* **What you have to do**
Print the entire listing below word for word, excluding its pictures.

* **Data block**
§ §

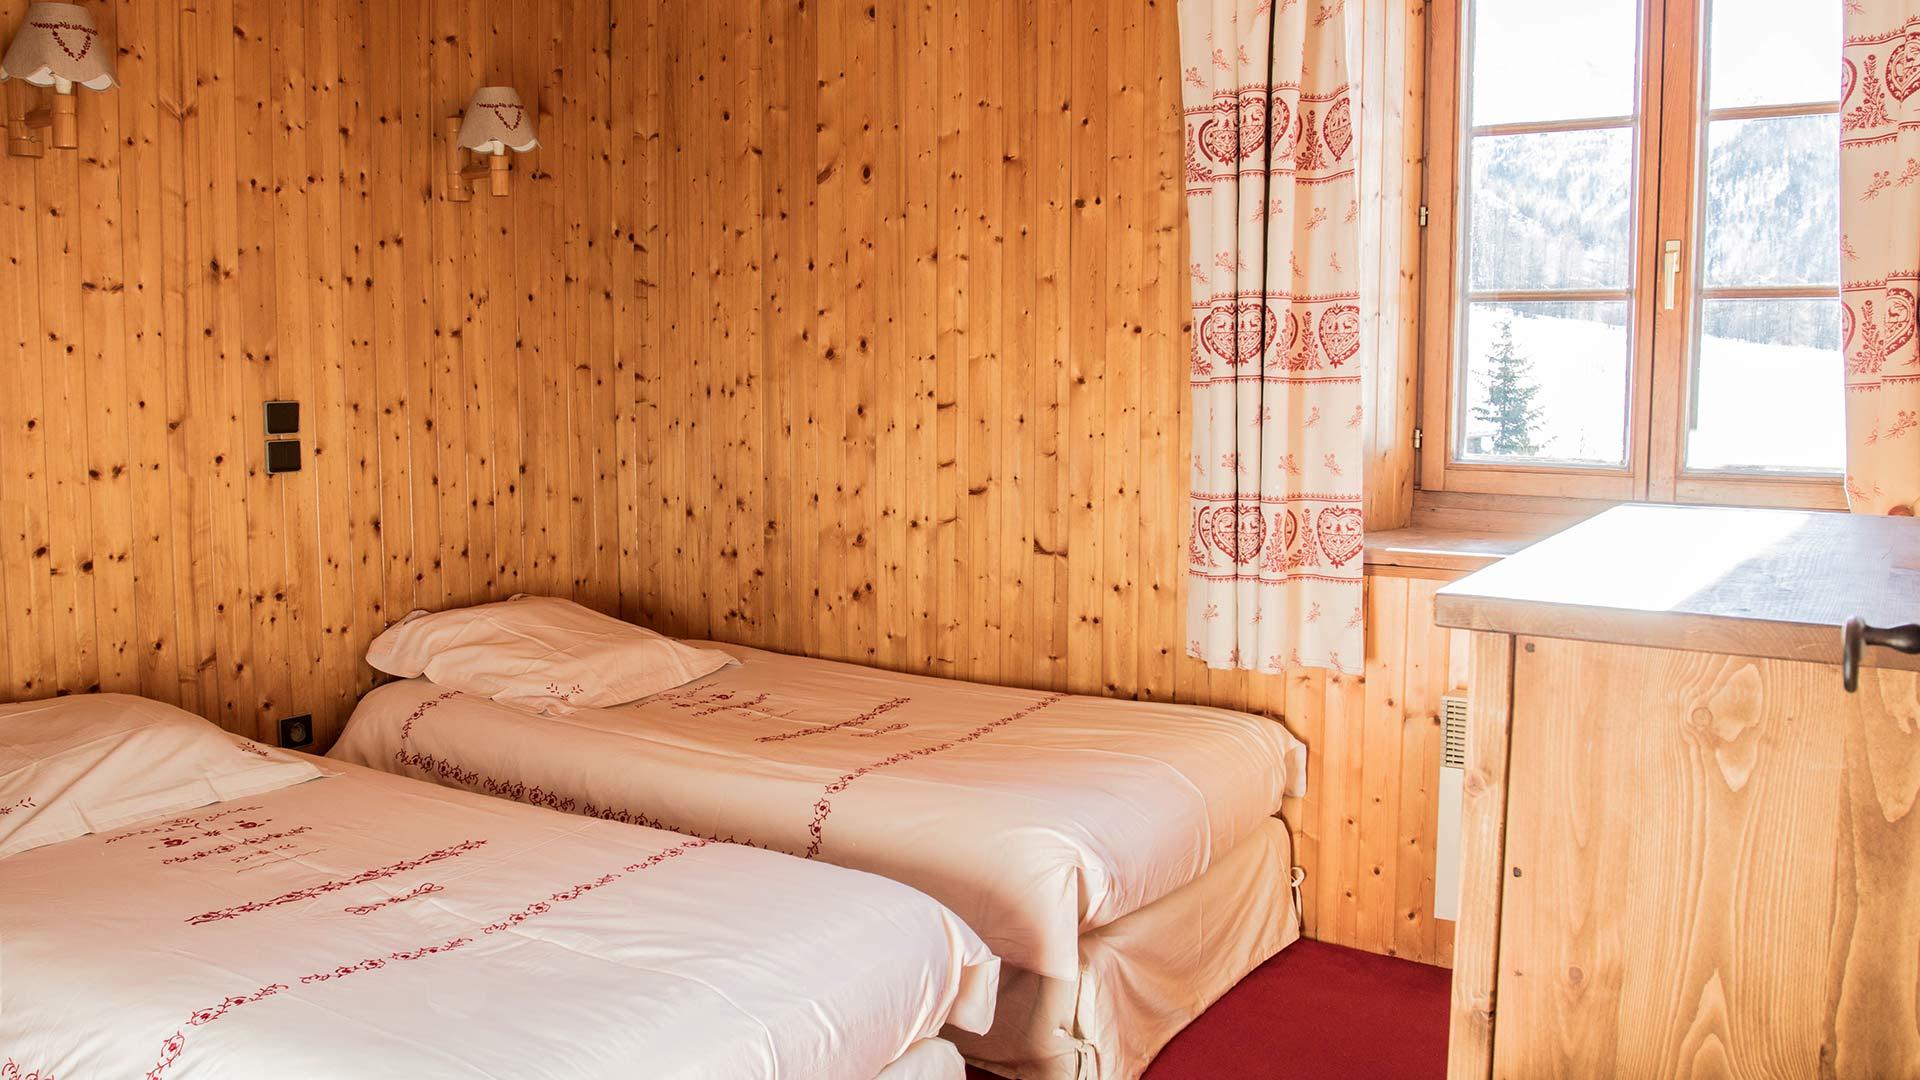 chavonnes-chambre-2-lits-simples
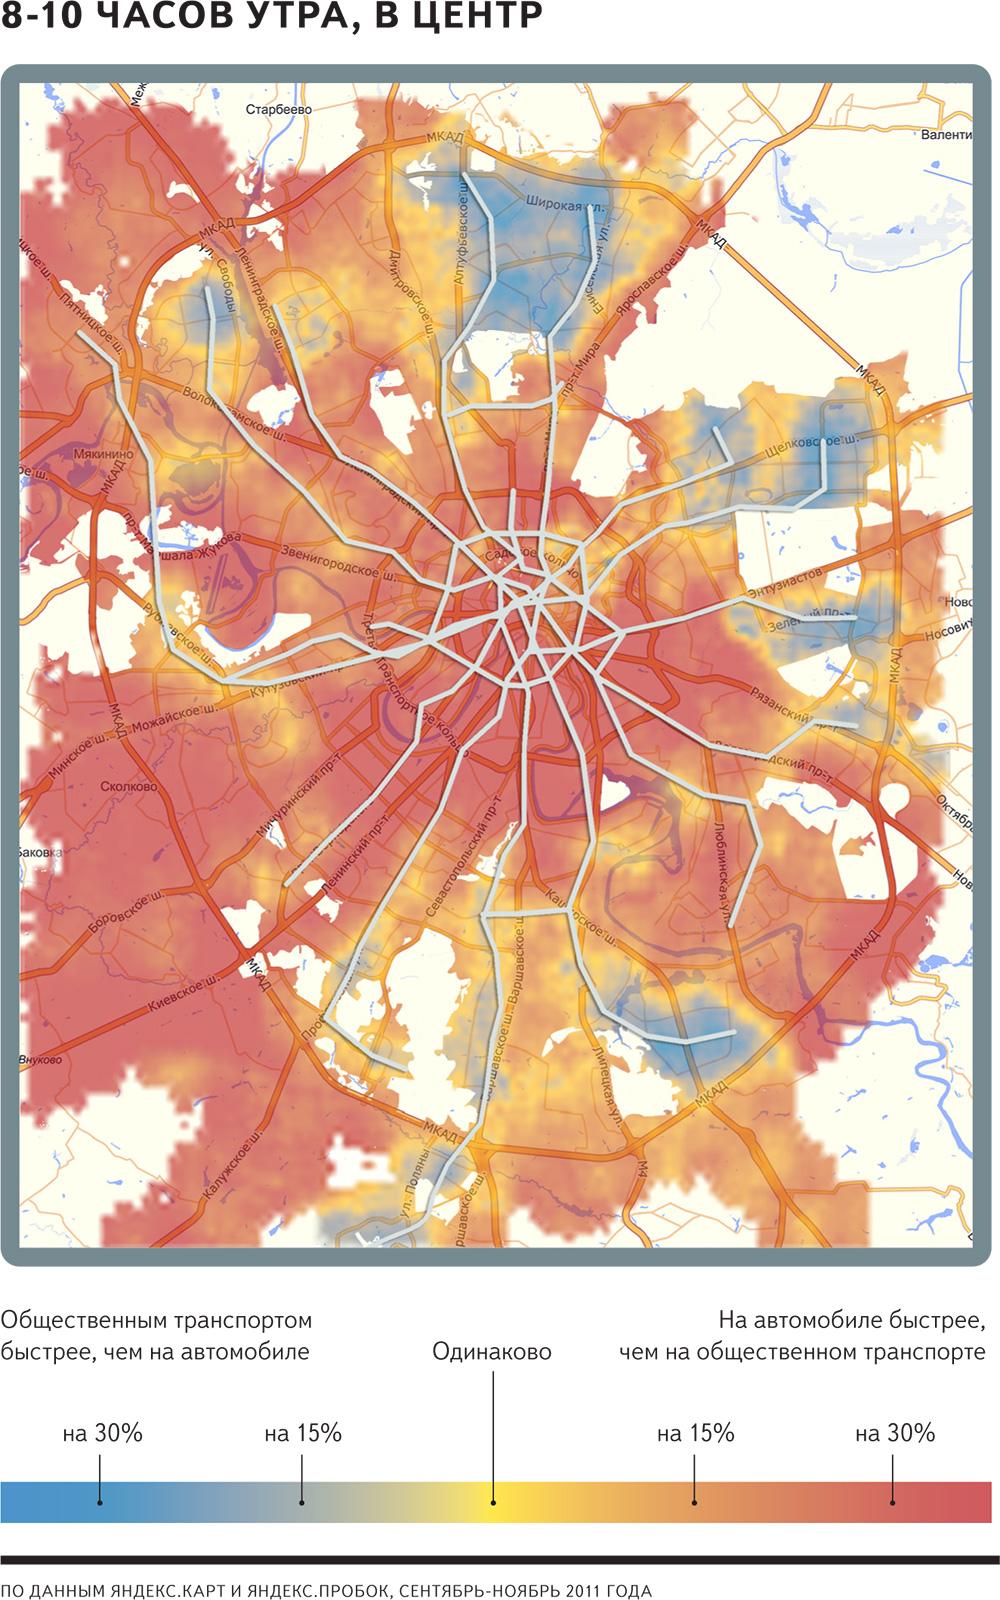 Скорость движения общественного транспорта в центр по района - 8-10 утра
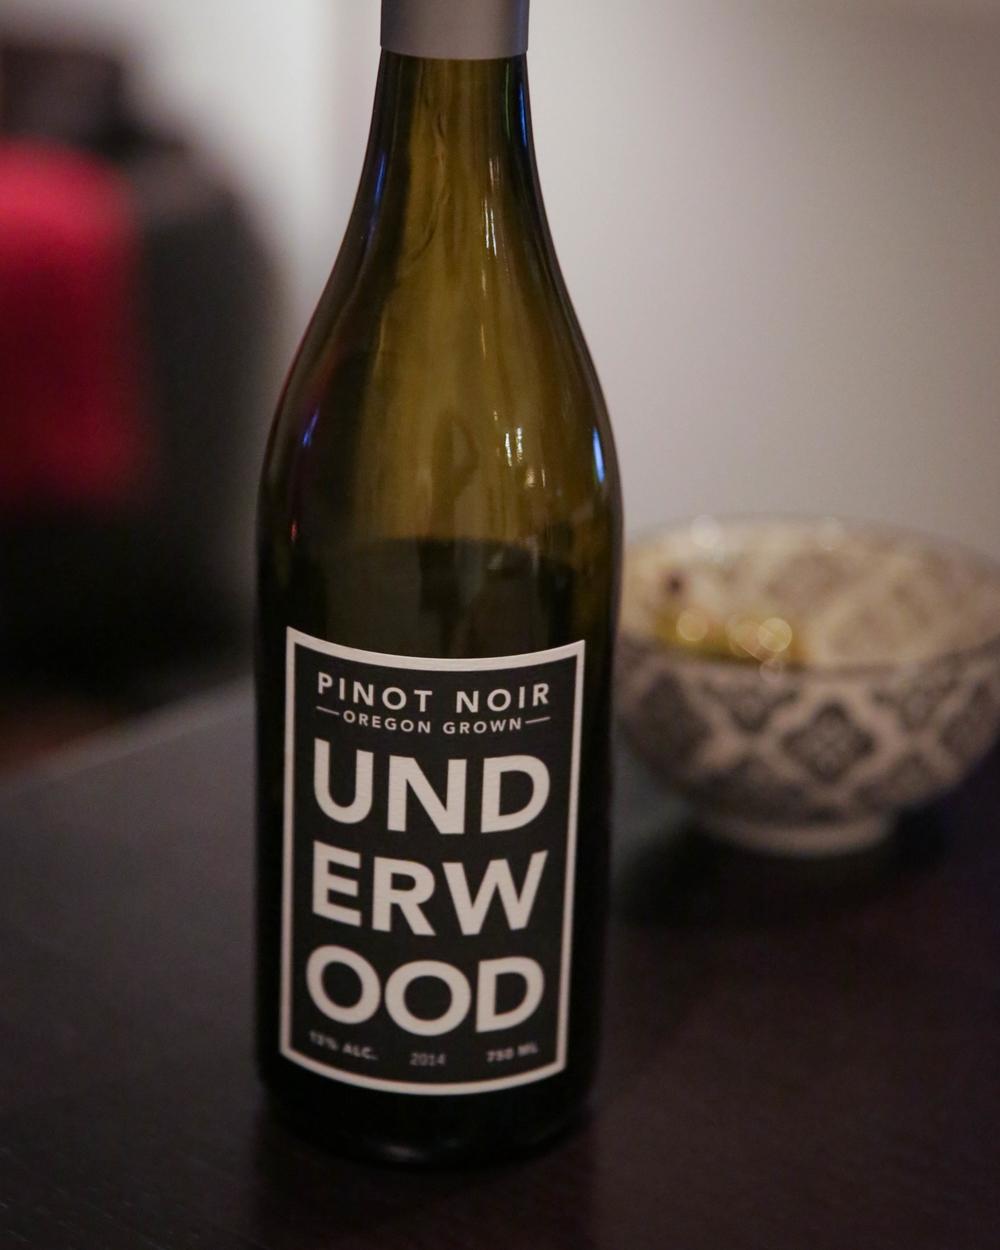 LaurenSchwaiger-Life-Style-Blog-Underwood-Pinot-Noir.jpg

§ §

* **Solved exercise**
 chavonnes-chambre-2-lits-simples
 Скорость движения общественного транспорта в центр по района - 8-10 утра
 LaurenSchwaiger-Life-Style-Blog-Underwood-Pinot-Noir.jpg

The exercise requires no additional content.